Beginning with the line containing "Continue reading to" and going on through the line containing "Woman laughing in", the lines below are to be returned exactly, pictures excluded and nothing added.

-------- Dataset excerpts --------

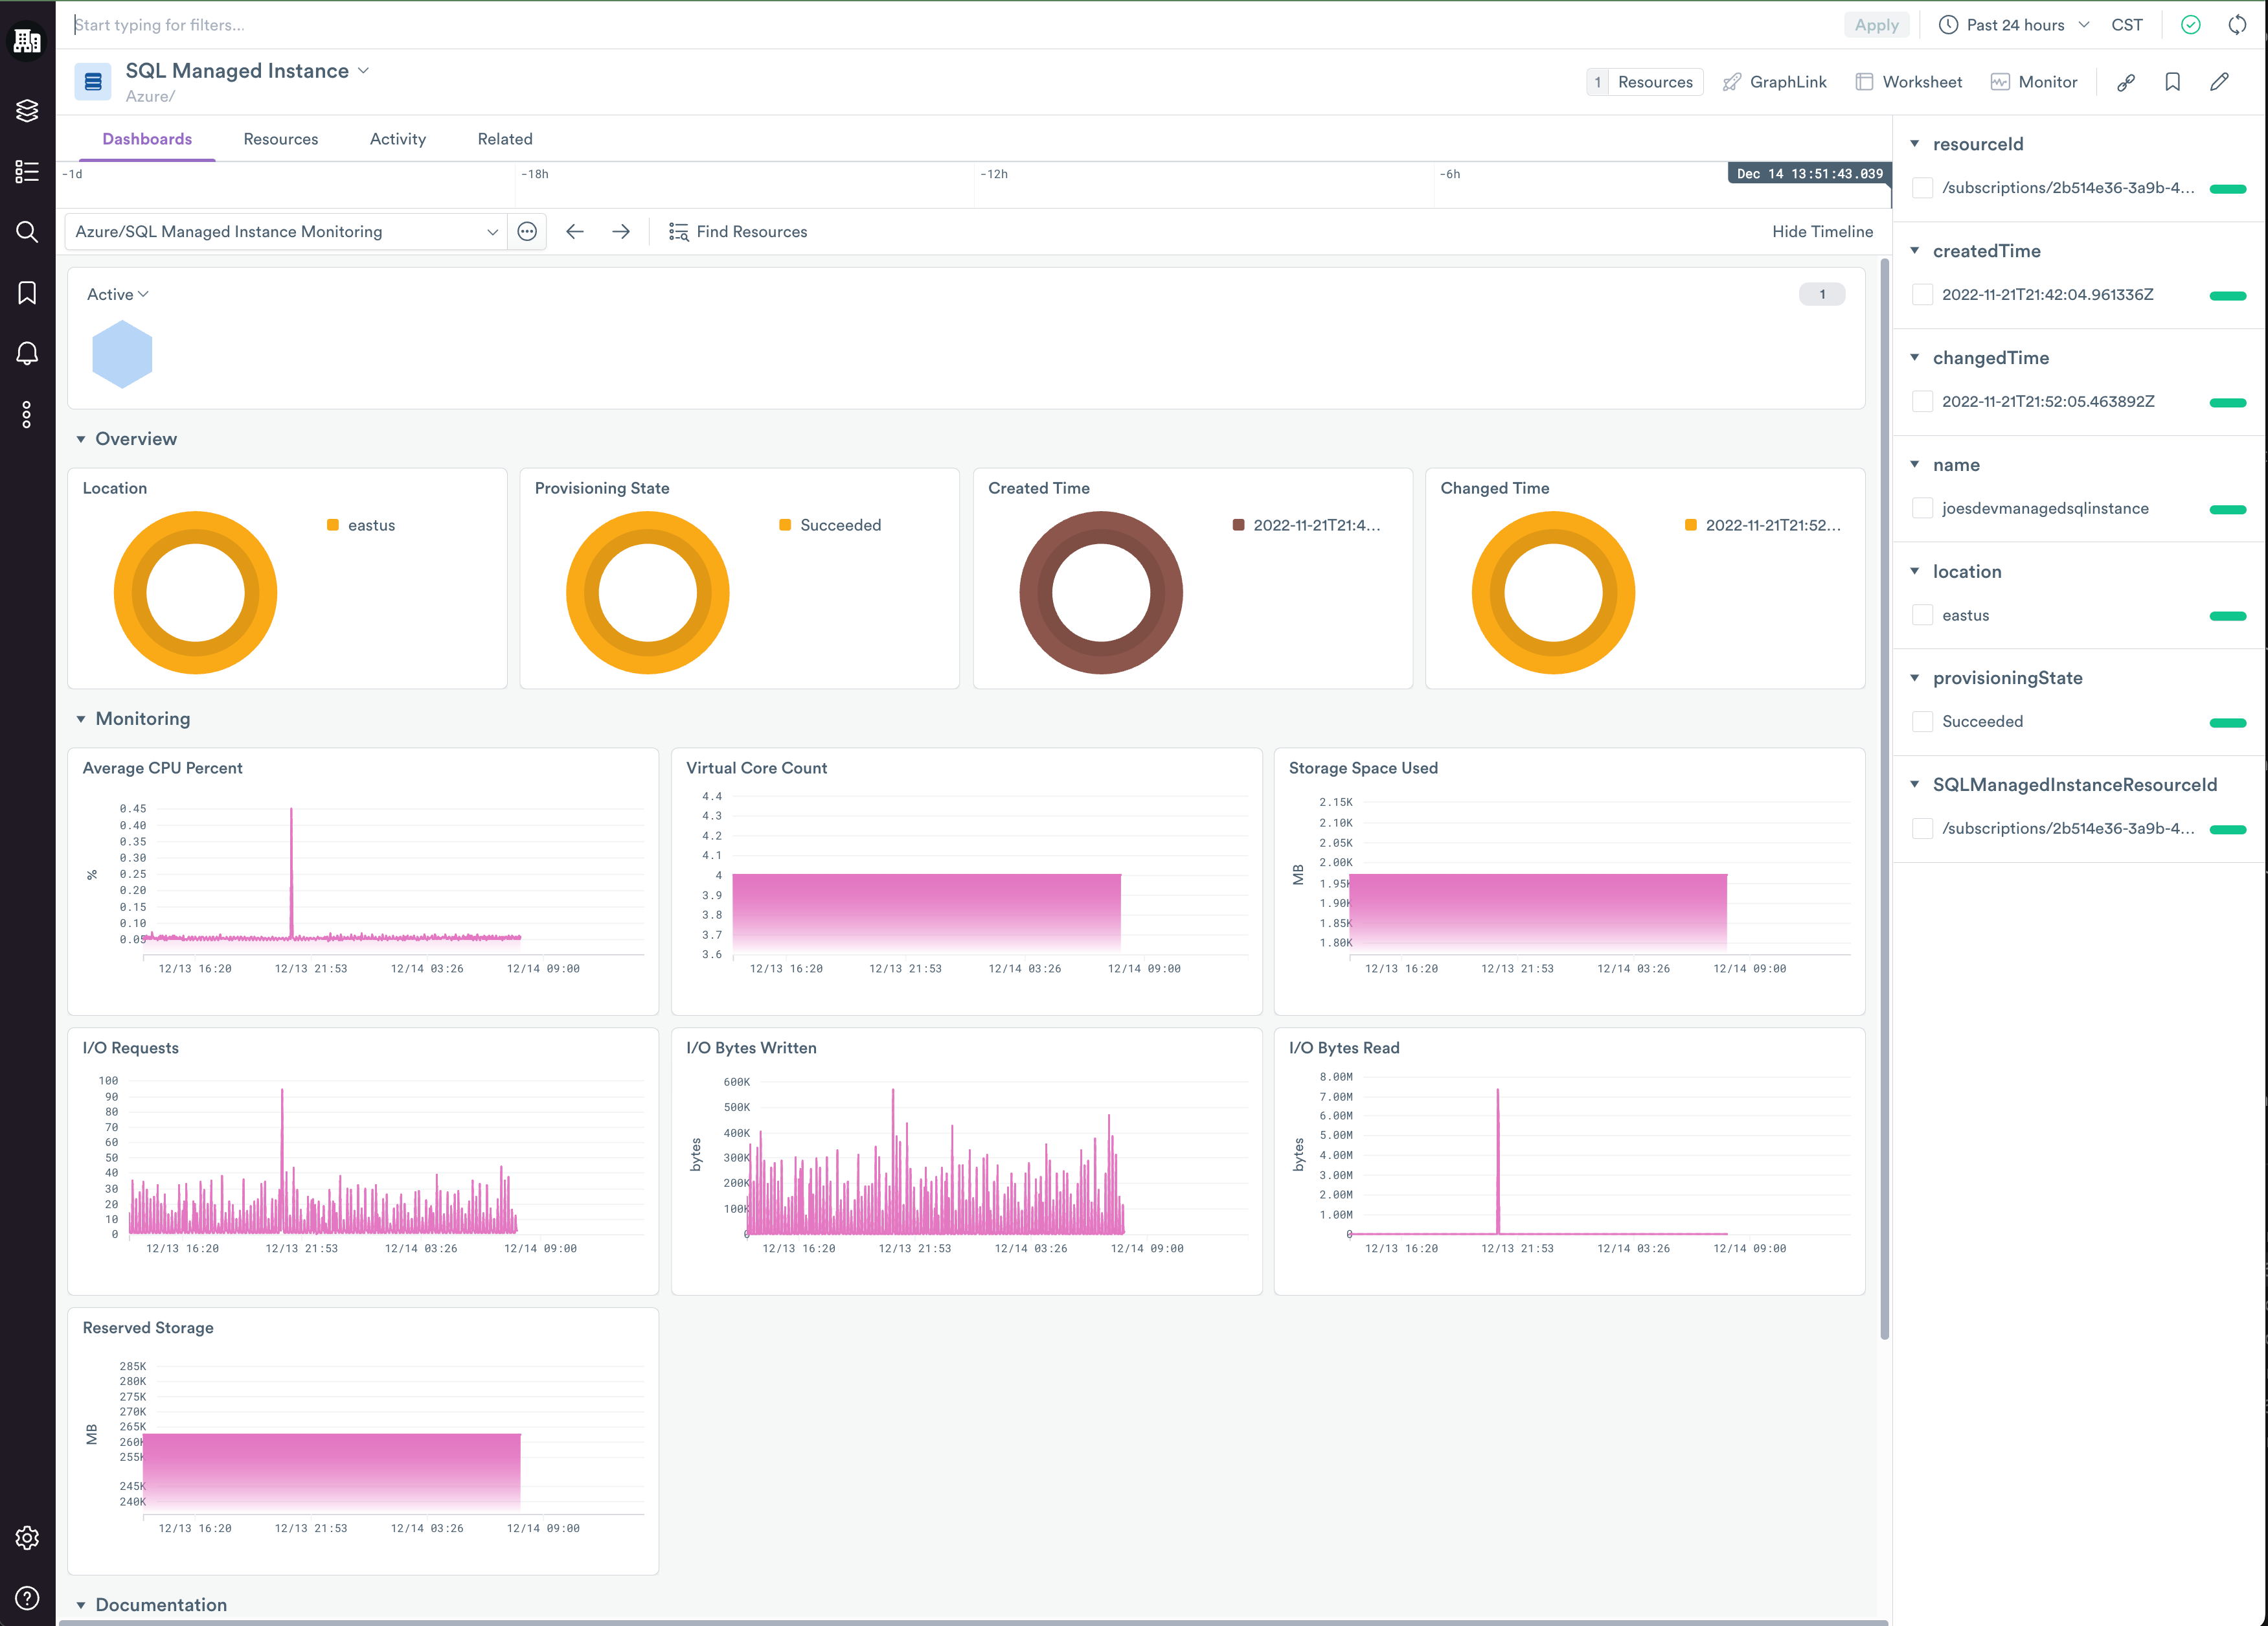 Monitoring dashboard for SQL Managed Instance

--------
-------- Dataset excerpts --------

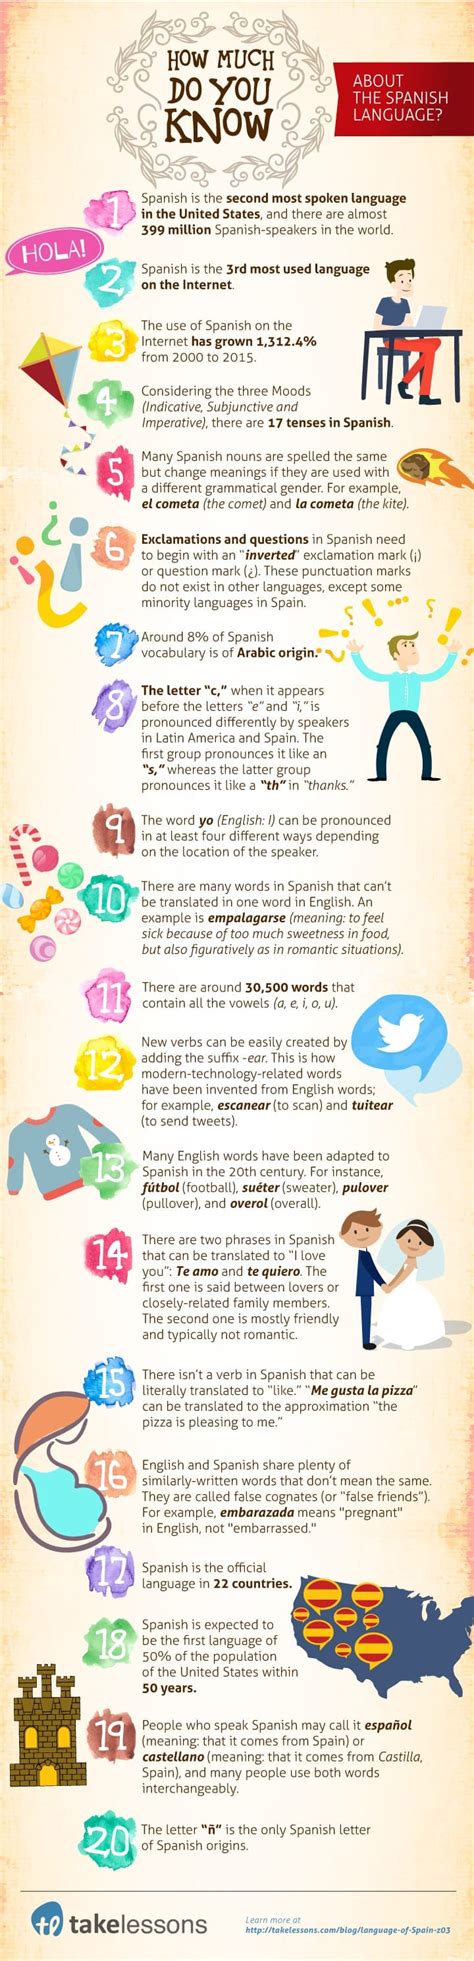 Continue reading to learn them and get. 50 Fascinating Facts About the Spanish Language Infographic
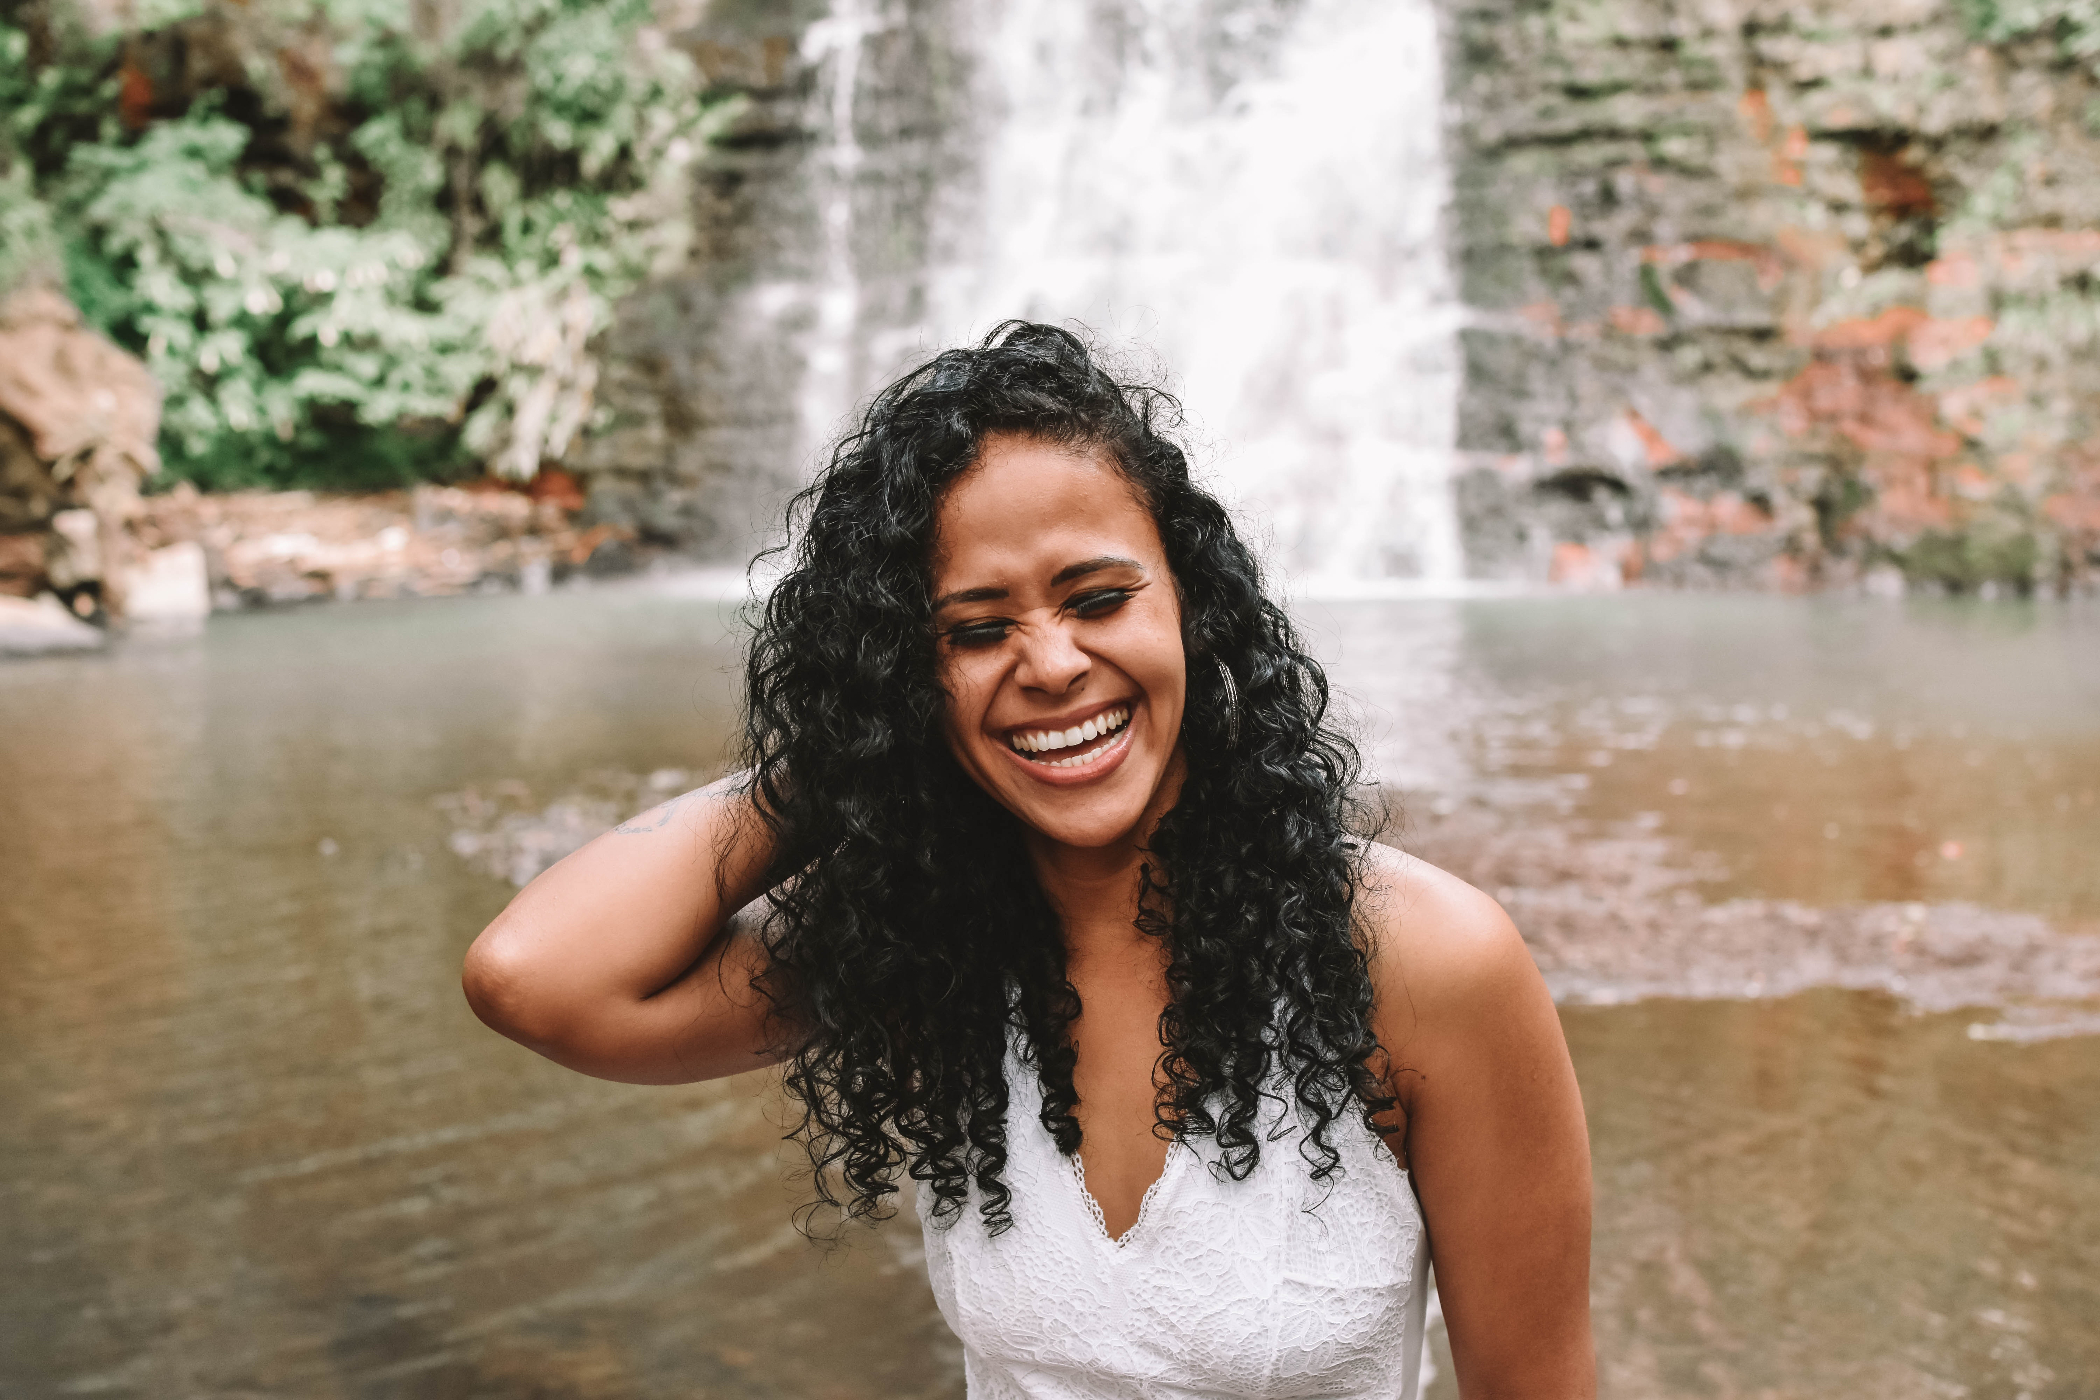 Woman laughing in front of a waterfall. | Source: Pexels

--------

» **Reply to the exercise**
 Continue reading to learn them and get. 50 Fascinating Facts About the Spanish Language Infographic
 Woman laughing in front of a waterfall. | Source: Pexels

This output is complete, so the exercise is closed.